The dendrogram shows the order of the pairwise alignments of sequences and clusters of sequences that together generate the final alignment. For example:

PileUp uses this clustering order and first aligns the two most-related sequences to each other in order to produce the first cluster. It then aligns the next most related sequence to this cluster or the next two most-related sequences to each other in order to produce another cluster. A series of such pairwise alignments that includes increasingly dissimilar sequences and clusters of sequences at each iteration produces the final alignment.

In the above example, Seq1 and Seq2 are aligned first. Next, Seq3 and Seq4 are aligned. The cluster of Seq1-aligned-to-Seq2 is then aligned to the cluster of Seq3-aligned-to-Seq4. Finally, Seq5 is aligned to the cluster that now contains Seq1 through Seq4 to generate the final alignment of Seq1 through Seq5.

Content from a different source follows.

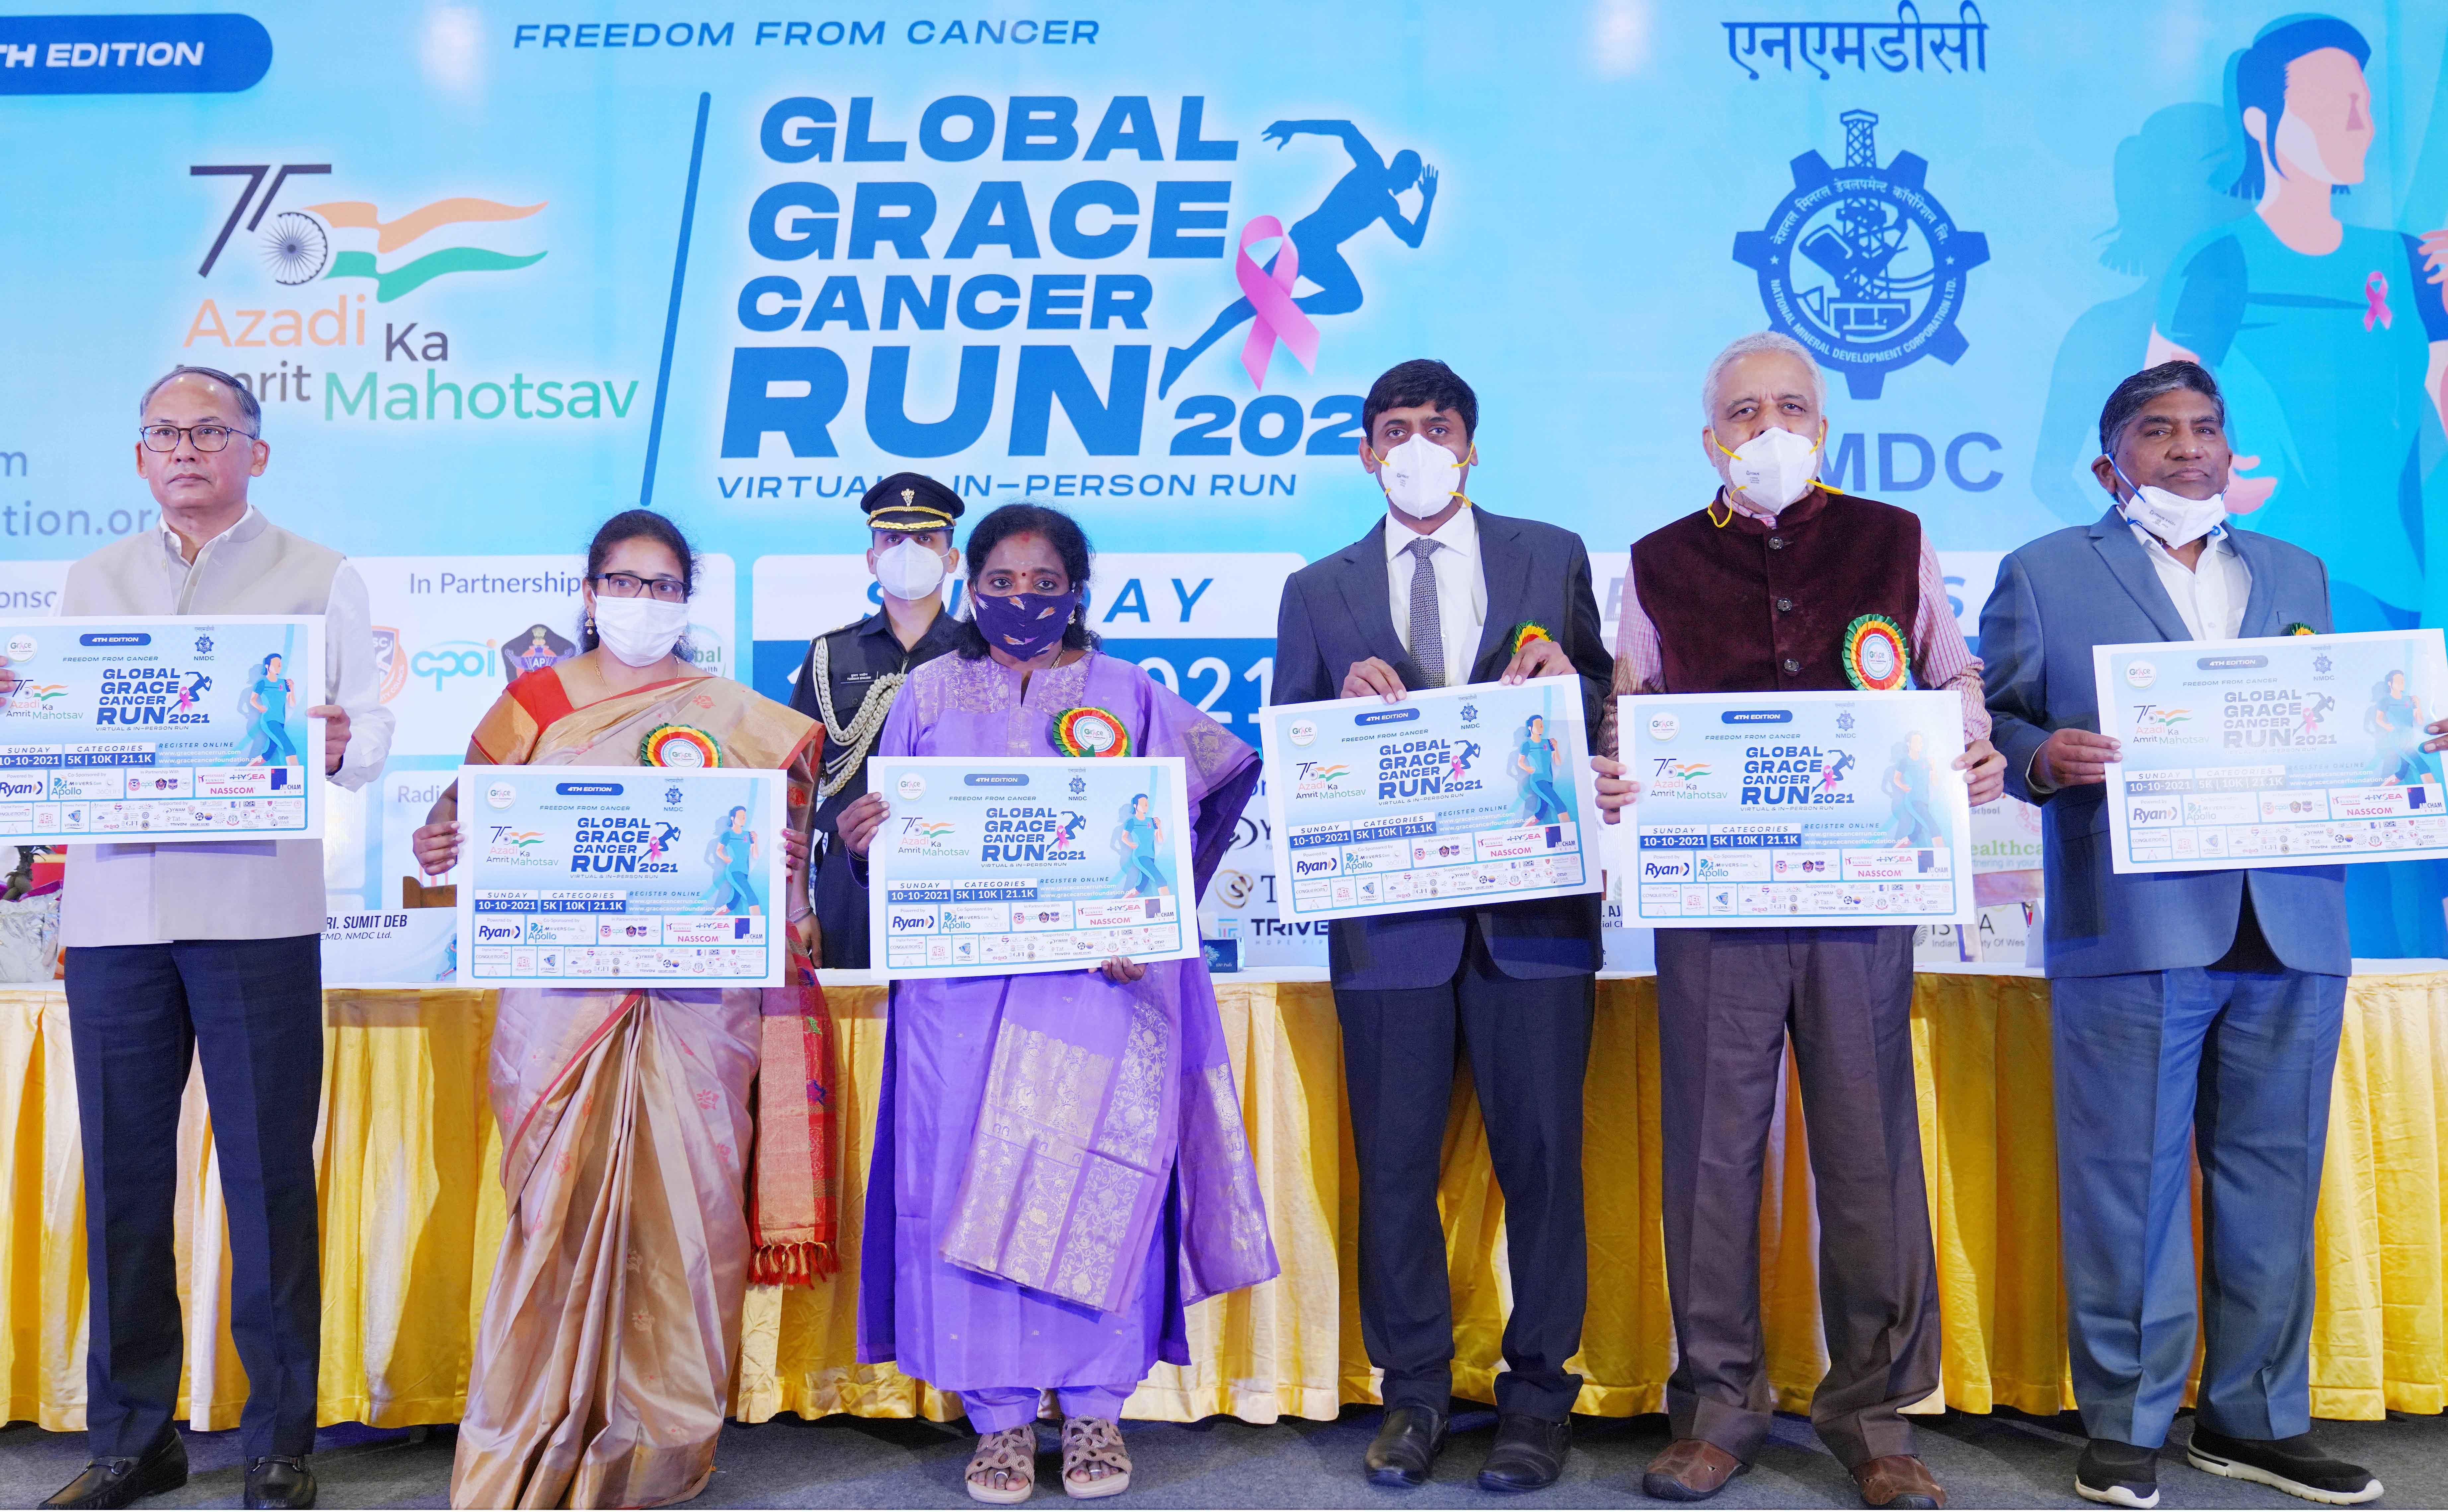 Hon'ble Governor Dr Tamilisai Soundararajan launches the Global run against cancer
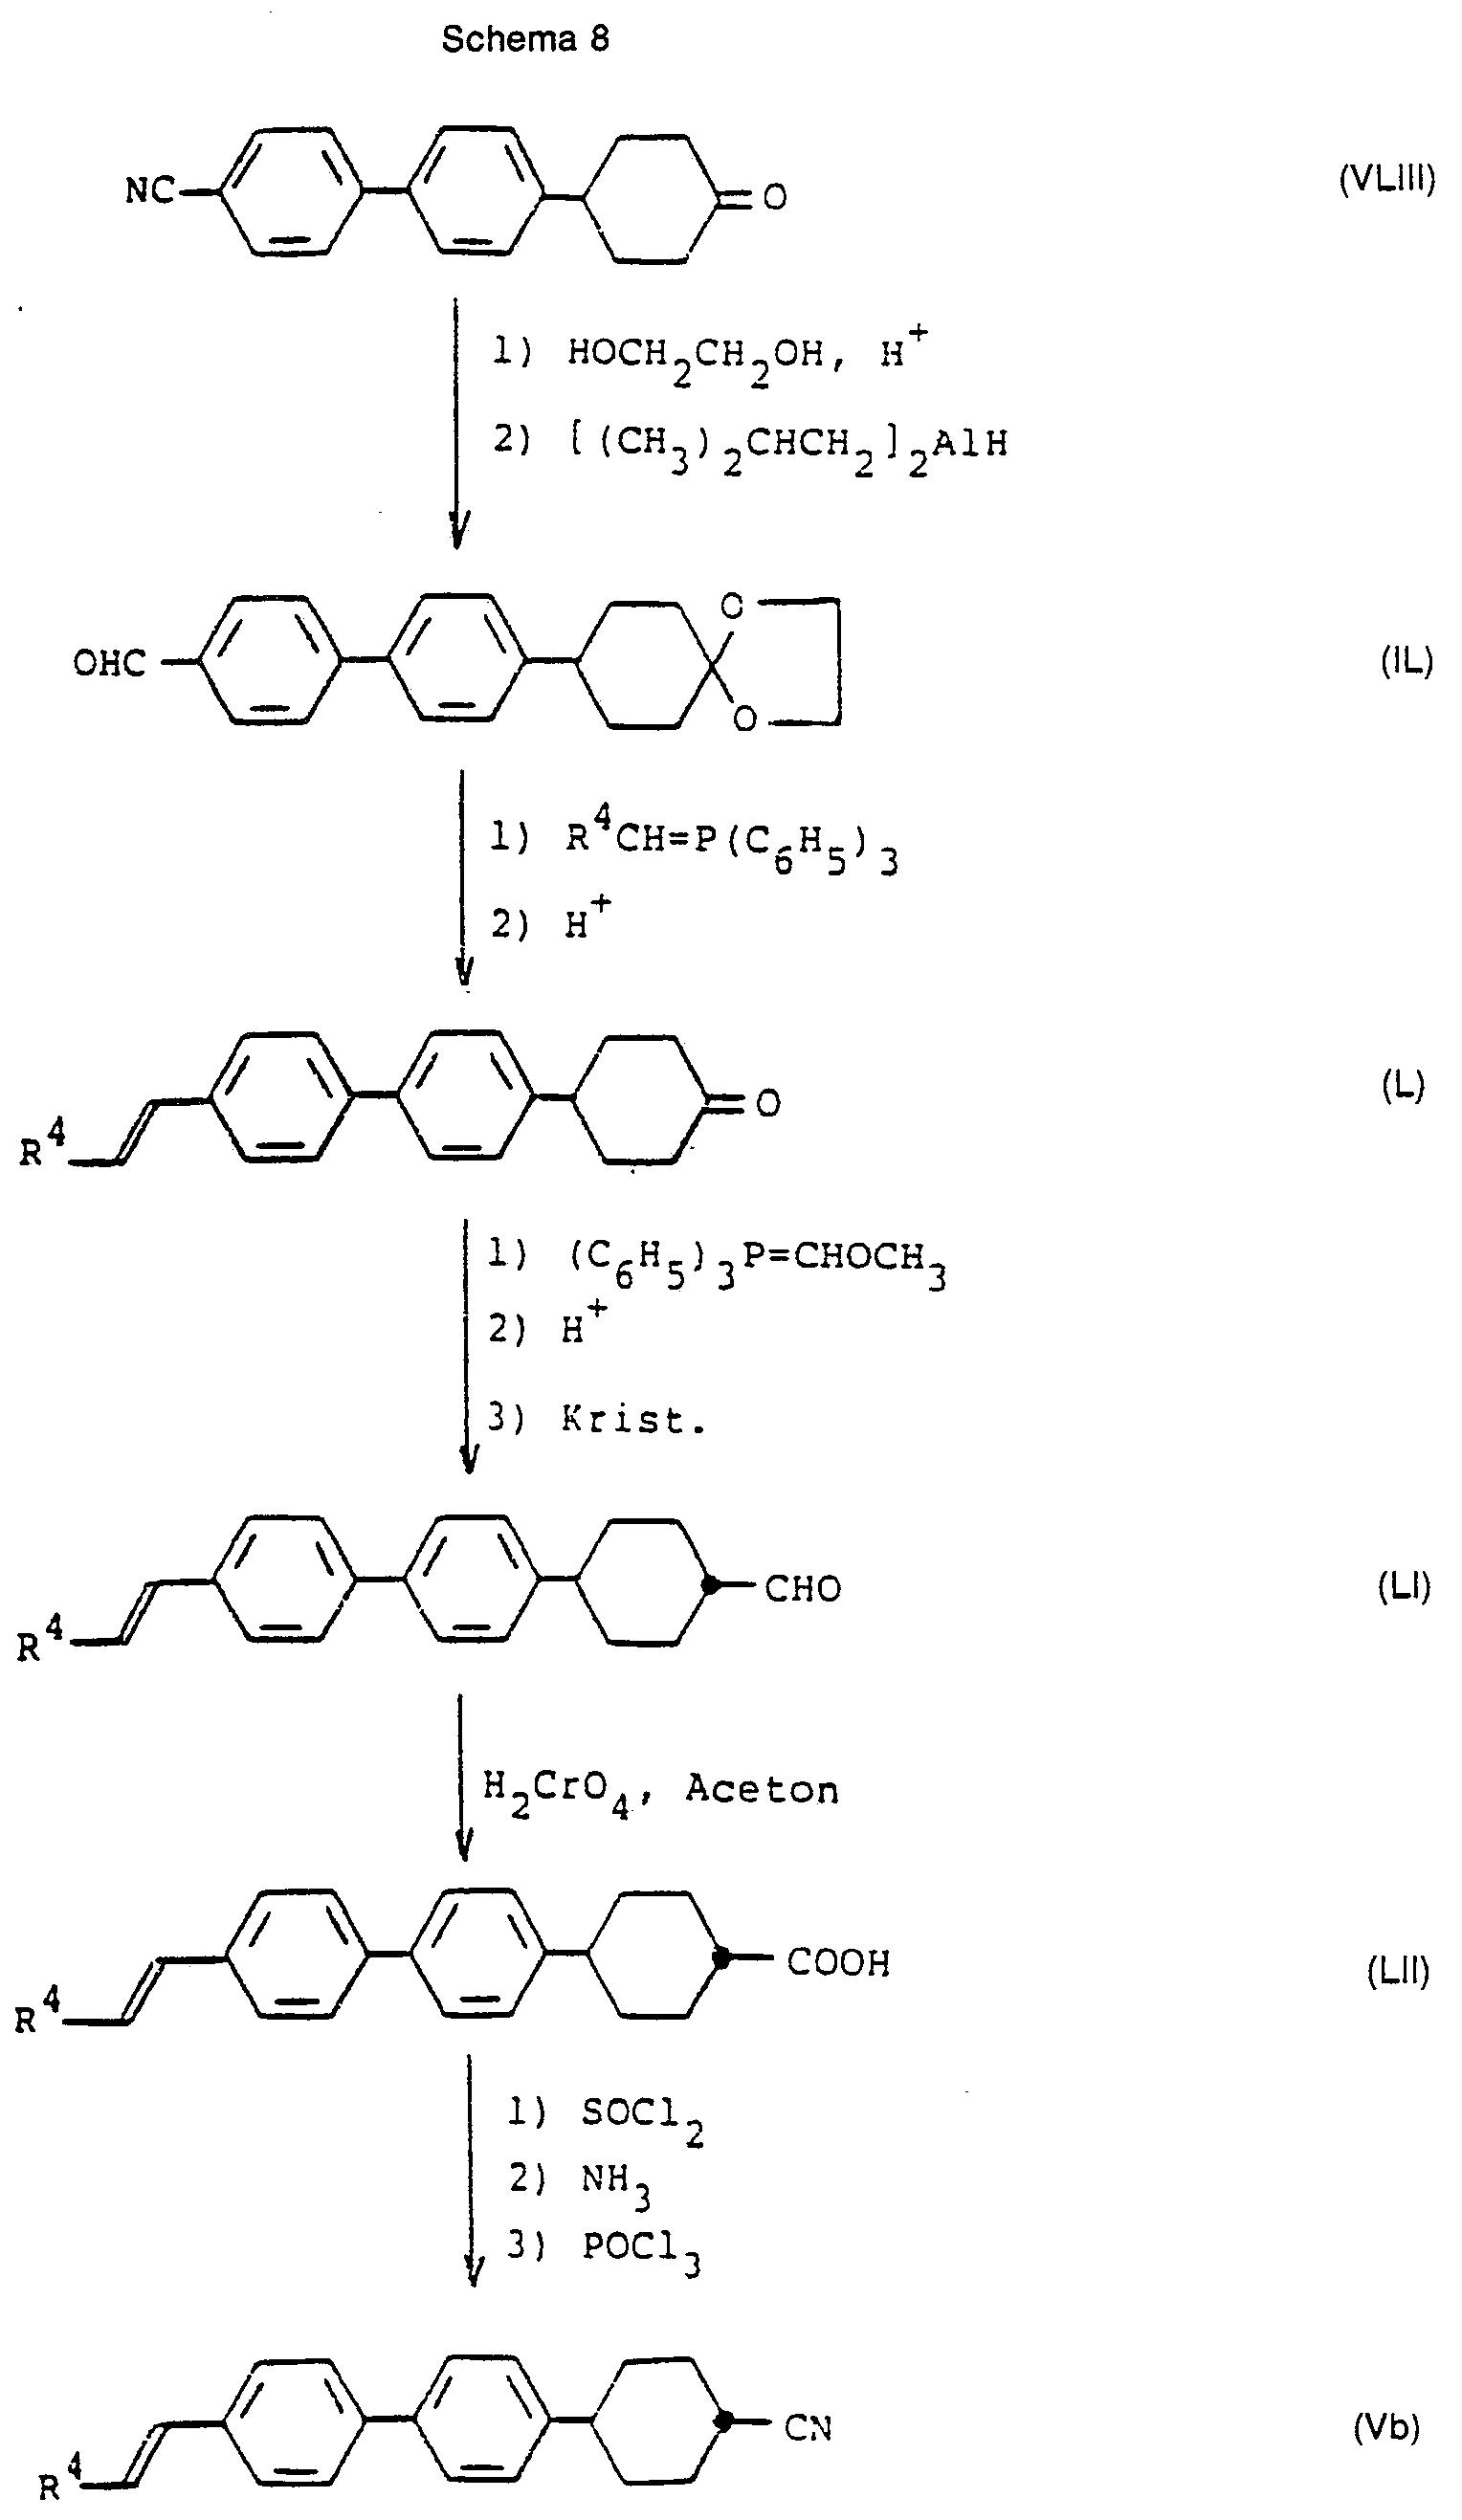 EP0172360B1 - Cyclohexanecarbonitriles and their use as

Each pairwise alignment in PileUp uses the method of Needleman and Wunsch (Journal of Molecular Biology 48; 443-453 (1970)), that is extended for use with clusters of aligned sequences rather than only individual sequences. For a pairwise alignment of individual sequences, the comparison score between any two sequence symbols is found in a scoring matrix (see the LOCAL DATA FILES topic below) . For a pairwise alignment of clusters of sequences, the comparison score between any two positions in those clusters is simply the arithmetic average of the scores for all possible symbol comparisons at those positions. When gaps are inserted into a cluster to produce an alignment, they are inserted at the same position in all of the sequences of the cluster.

CONSIDERATIONS

[ Previous | Top | Next ]

Because a rigorous optimal alignment of even a small number of short sequences would be intractable, PileUp uses an approach that may not produce the most optimal multiple sequence alignment. (See the ALGORITHM topic above for a description of this approach.)

Clustering

The approach used by PileUp is sensitive to the order in which sequences are aligned. A clustering algorithm determines this order from the pairwise similarities calculated before the final alignments are done. The goal of the clustering is to see that very similar sequences are aligned to each other before they are aligned to more distantly related sequences. There is, at present, no way for you to modify the order of these alignments.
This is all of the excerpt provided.